South Africa fetes Brian Mulroney for government’s anti-apartheid efforts
Posted April 20, 2015 10:47 am.
Last Updated April 20, 2015 4:52 pm.
This article is more than 5 years old.
PRETORIA, South Africa – Former prime minister Brian Mulroney is being recognized for his contributions to the South African liberation movement with a national order, the country’s highest honour.
Mulroney is the first Canadian to receive the “Order of the Companions of O.R. Tambo,” an award that acknowledges foreign leaders and citizens for “friendship shown to South Africa.”
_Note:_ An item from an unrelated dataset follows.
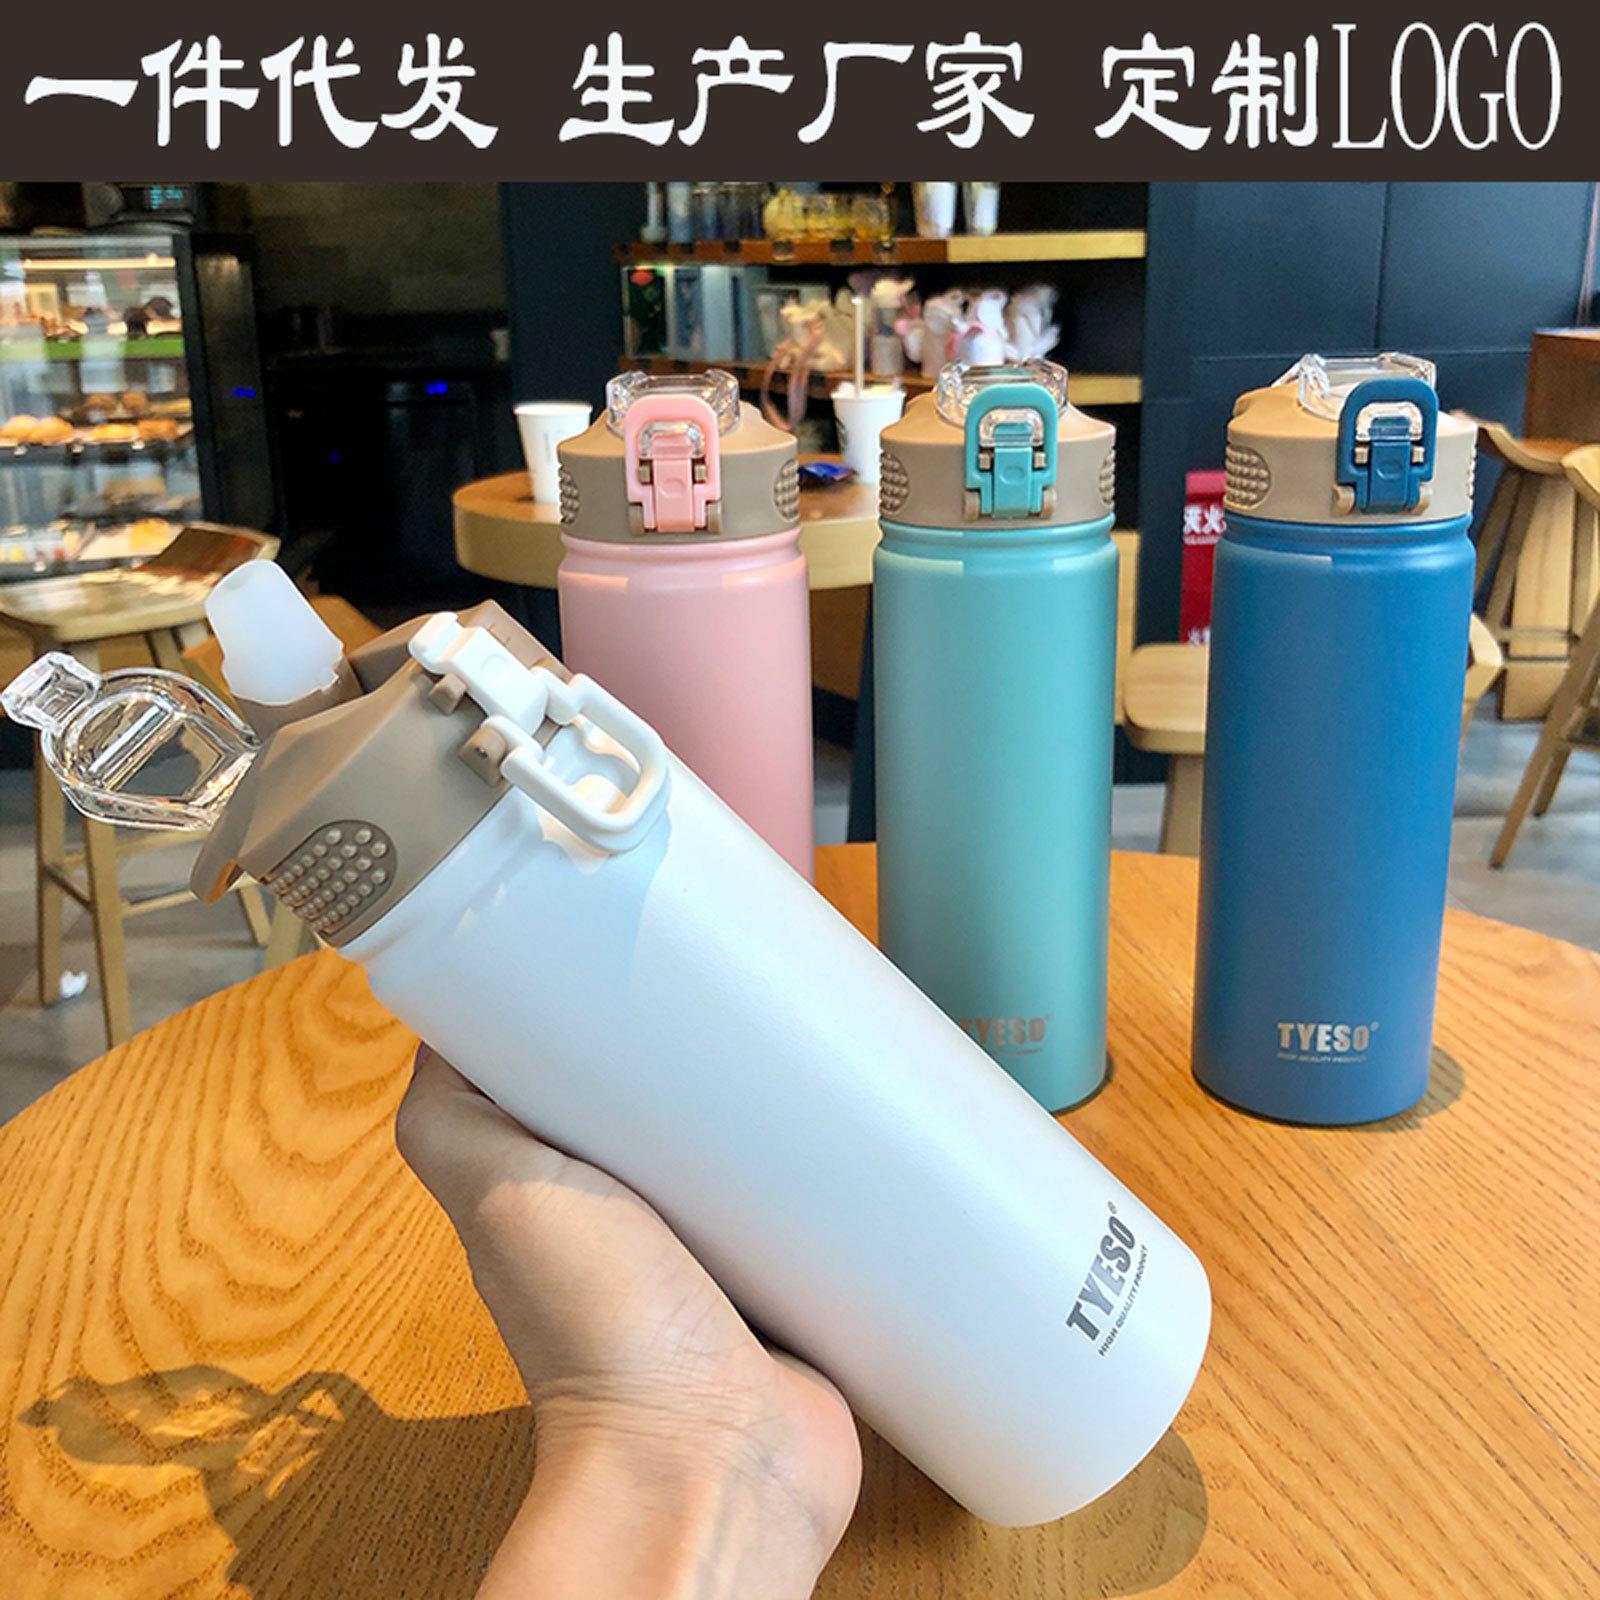 磨砂保温杯女学生大容量吸管水杯大人简约便携清新个性不锈钢杯子

Mulroney is being given the award for what the South African government calls an exceptional contribution to the liberation movement of South Africa.
While in office, Mulroney’s government strongly opposed apartheid, a system of racial segregation in South Africa that was at the centre of political violence that kept the region in a state of emergency until 1990.
Mulroney’s work in opposing apartheid and in helping to secure the release of activist and eventual South African president Nelson Mandela earned him the Companion of the Order of Canada in 1998.
Cassius Lubisi, South Africa’s chancellor of national orders, announced the recipients on the weekend.
“His steadfast support for the release of Nelson Mandela and for imposing sanctions on South Africa’s apartheid regime led to a free, democratic, non-sexist and non-racial South Africa,” Lubisi said of Mulroney in a statement.